The four sketches suggest that the resultant m.m.f. describes an arc of constant radius, and it can easily be shown analytically that this is true. So although each phase produces a pulsating m.m.f. along its axis, the overall m.m.f. is constant in amplitude (with a value equal to 1.5 times the phase peak), and it rotates at a uniform rate, completing one mechanical revolution per cycle if the field is 2-pole (as here), half a mechanical revolution if 4-pole, etc. This is in line with our findings in Chapter 5.
We should note that although we have developed the idea of space phasors by focusing on steady-state sinusoidal operation, the approach is equally valid for any set of instantaneous currents, and is therefore applicable under transient conditions, for example during acceleration when the instantaneous frequency of the currents may change continuously.
An alternative way of representing the resultant m.m.f. pattern produced by a set of balanced 3-phase windings follows naturally from the discussion above. We imagine a hypothetical single m.m.f. vector that has a constant magnitude but rotates relative to the stator at the synchronous speed. This turns out to be an exceptionally useful mental picture when we come to study the behaviour of the inverter-fed induction motor, because the currents will be under our control and we are able to specify precisely the magnitude, speed and angular position of the stator m.m.f. vector in order to achieve precise control of torque.
In the previous section we saw that the resultant m.m.f. was of constant amplitude and rotated at a constant angular velocity with respect to a reference frame fixed to the stator. As far as an observer in the stationary reference frame is concerned, the same m.m.f. could equally well be produced by a sinusoidally distributed winding fed with constant (d.c.) current and mounted on a structure that rotated at the same angular velocity as the actual m.m.f. wave. On the other hand, if we were attached to a reference frame rotating with the m.m.f., the space phasor would clearly appear to us to be constant.
Transformations between reference frames have long been used to simplify the analysis of electrical machines, especially under dynamic conditions, but until fast signal-processing became available it was seldom used for live control purposes. We will see later in this chapter that the method is used in field-oriented control schemes to transform the stator currents into a rotating reference frame locked to the rotating rotor flux space phasor, thereby making them amenable for control purposes.

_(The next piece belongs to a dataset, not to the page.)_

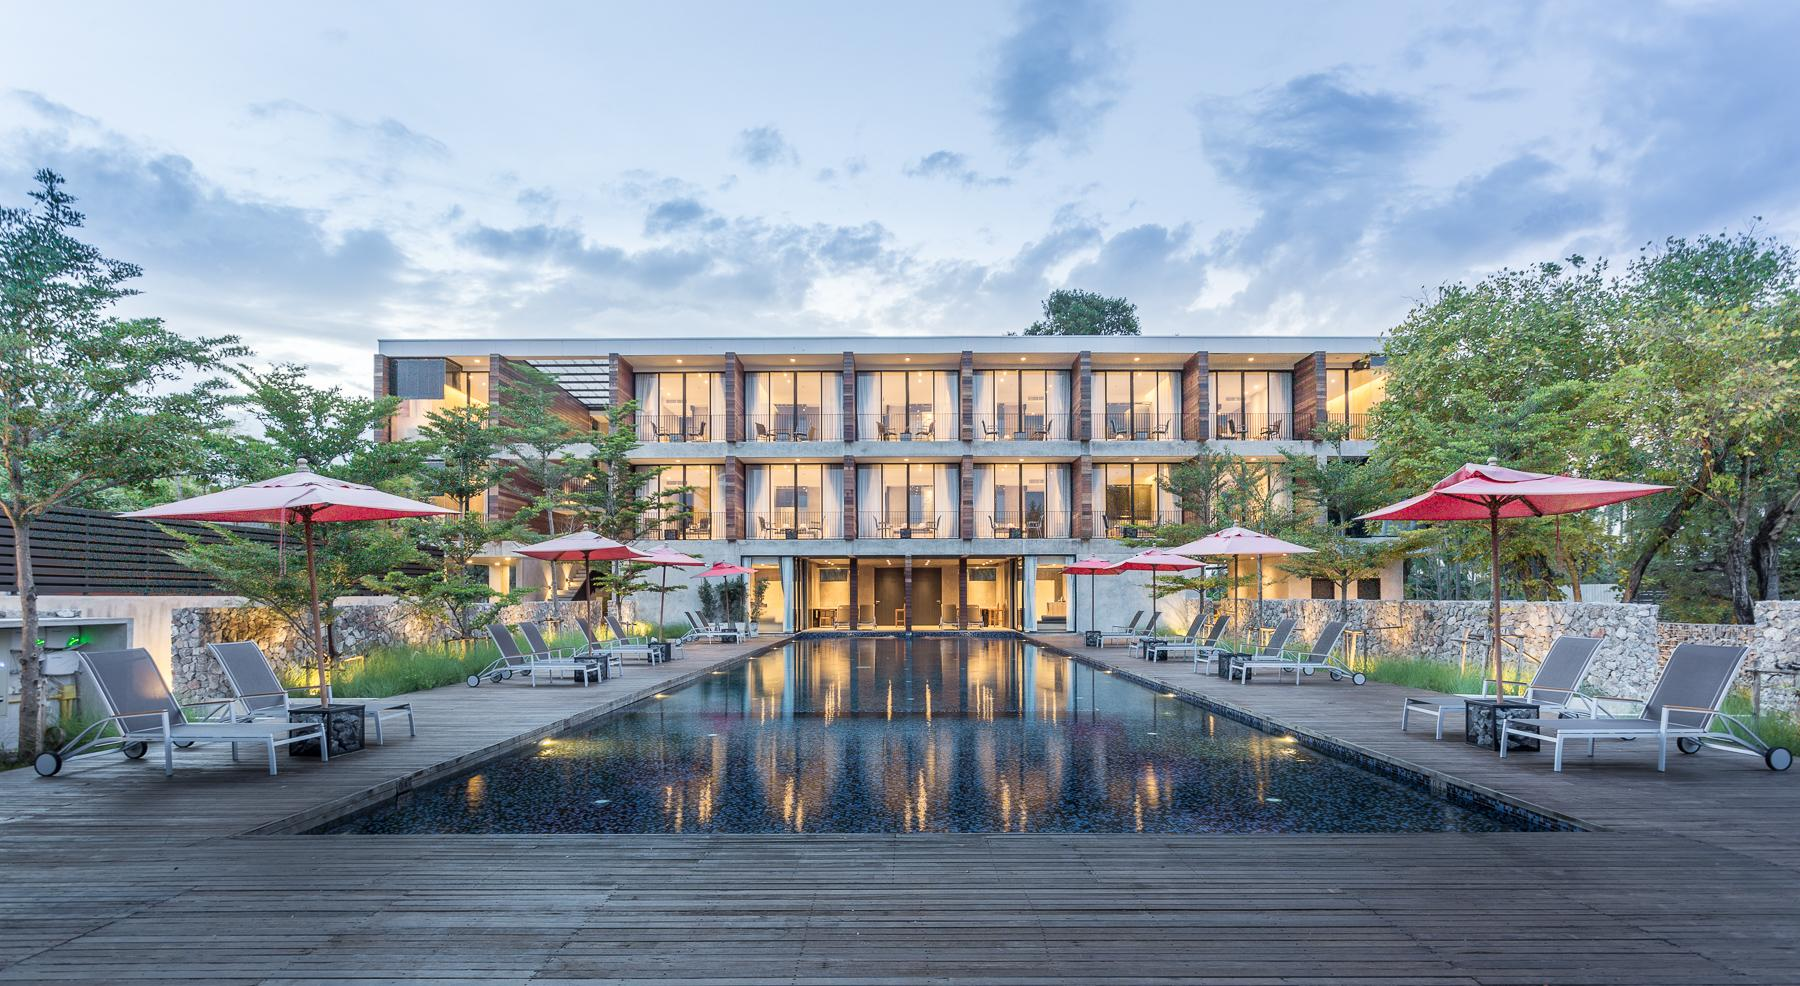 Lipda Resort, Muang Prachuap Khiri Khan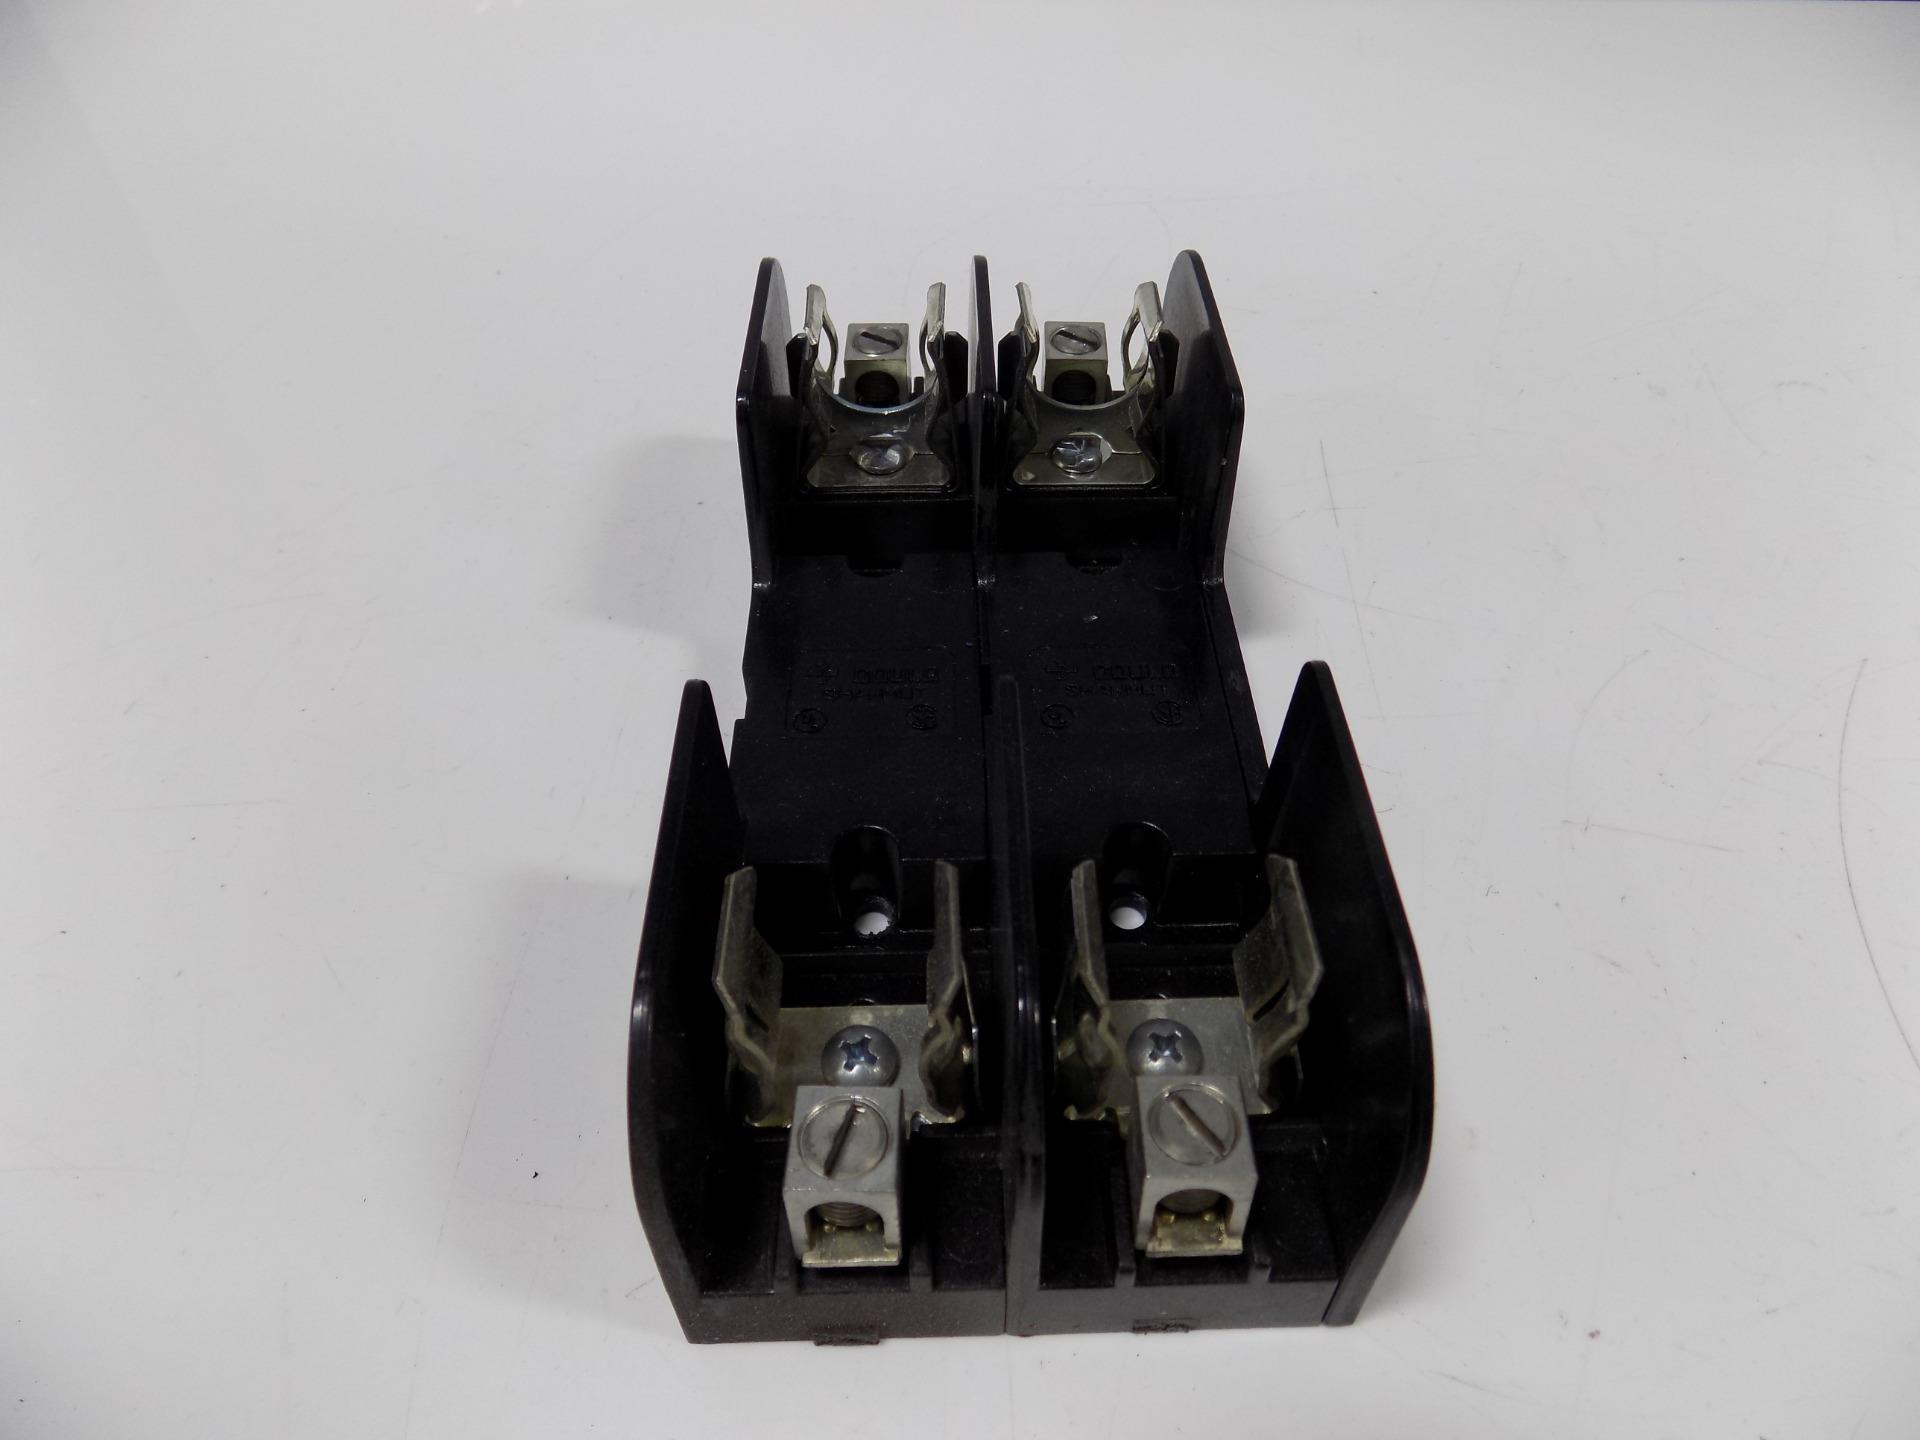 1 pc AS7C4098A-12TC   SRAM 4MBIT 12nS   5V  256x16K   TSOP44    NEW  #BP

Transformation is usually accomplished in two stages, as shown in Fig. 8.3.
The first stage involves replacing the three windings by two in quadrature, with balanced sinusoidal currents of the same frequency but having a 90° phase shift. In this case the ‘α β’ stationary reference frame has phase α aligned with phase U. To produce the same m.m.f., either the two windings need more turns, or more current, or a combination of both. This is known as the Clarke transformation. The resultant space phasor (at the bottom of the diagram) is of course identical with the three-phase one on the left.
The second stage (the Park transformation) is more radical as the new variables Id and Iq are in a rotating reference frame, and they remain constant under steady state conditions, as shown in Fig. 8.3. Again we need to specify the turns ratio and/or the current scaling. (Strictly speaking there is no need for the intermediate (2-phase) transformation, because we can transform directly from 3-phase to two-axis, but we have included it because it is often mentioned in the literature.) The resultant space phasor is again identical to the three-phase one.
It should be clear that the magnitude of the currents Id and Iq will depend on the angle λ, which is the angle between the two reference frames at a specified instant, typically at t = 0. As far as we are concerned, it is sufficient to note that there are well-established formulae relating the input and output variables, both for the forward transformation (U, V, W to d, q) and for the inverse transformation, so it is straightforward to construct algorithms to perform the transformations. We should also note that whilst we have considered the transformation of sinusoidal currents, the technique is equally valid for instantaneous values.
Field-oriented control allows us to obtain (almost) instantaneous (step) changes in torque on demand, and in essence it does this by jumping directly from one steady-state condition to another, without any unwelcome transient period of adjustment.
Given the very poor inherent transient response of the induction motor to sudden changes in load or utility supply (see for example Fig. 6.7), it will come as no surprise when we learn later that this sudden transition between steady states can only be achieved by precise control of the magnitude, frequency and instantaneous position of the stator current space vector. As will emerge, the key requirement for a successful sudden transition is that it must not involve a step change in the stored energy of the system.
As an introduction to the underlying principle of changing from one steady state to another without any transient, we can look at the behaviour of a series resistor and inductor circuit fed by an ideal voltage source (Fig. 8.4). This is much simpler than the induction motor, (it only has one energy storage element—the inductor) but it demonstrates the key requirement to be satisfied for transient-free switching.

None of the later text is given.